Large anomalous Hall effect in single crystals of the kagome Weyl ferromagnet Fe$_3$Sn

TL;DR

This study combines theoretical and experimental approaches to reveal a large anomalous Hall effect in Fe$_3$Sn, a ferromagnetic kagome metal with Weyl nodes, magnetic order at 725 K, and weak temperature dependence of Hall conductivity.

Contribution

It provides the first comprehensive analysis of the anomalous Hall effect in Fe$_3$Sn, linking experimental measurements with density-functional calculations and Weyl physics.

Findings

Anomalous Hall conductivity of ~500 (Ωcm)^{-1} at room temperature.

Weak temperature dependence of the anomalous Hall effect.
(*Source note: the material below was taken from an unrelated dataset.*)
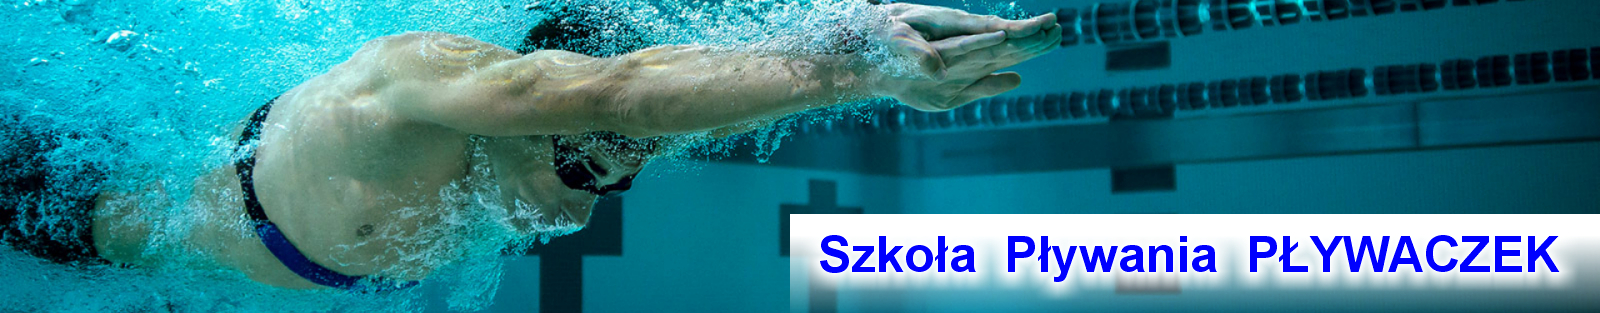 SZKOŁA PŁYWANIA PŁYWACZEK, nauka pływania dla dzieci i dorosłych Gdynia

Identification of Weyl nodes near the Fermi energy.

Abstract

The material class of kagome metals has rapidly grown and has been established as a field to explore the interplay between electronic topology and magnetism. In this work, we report a combined theoretical and experimental study of the anomalous Hall effect of the ferromagnetic kagome metal Fe$_3$Sn. The compound orders magnetically at 725 K and presents an easy-plane anisotropy. Hall measurements in single crystals below room temperature yield an anomalous Hall conductivity $\sigma_{xy}\sim500\,(\Omega\textrm{cm})^{-1}$, which is found to depend weakly on temperature. This value is in good agreement with the band-intrinsic contribution obtained by density-functional calculations. Our calculations also yield the correct magnetic anisotropy energy and predict the existence of Weyl nodes near the Fermi energy.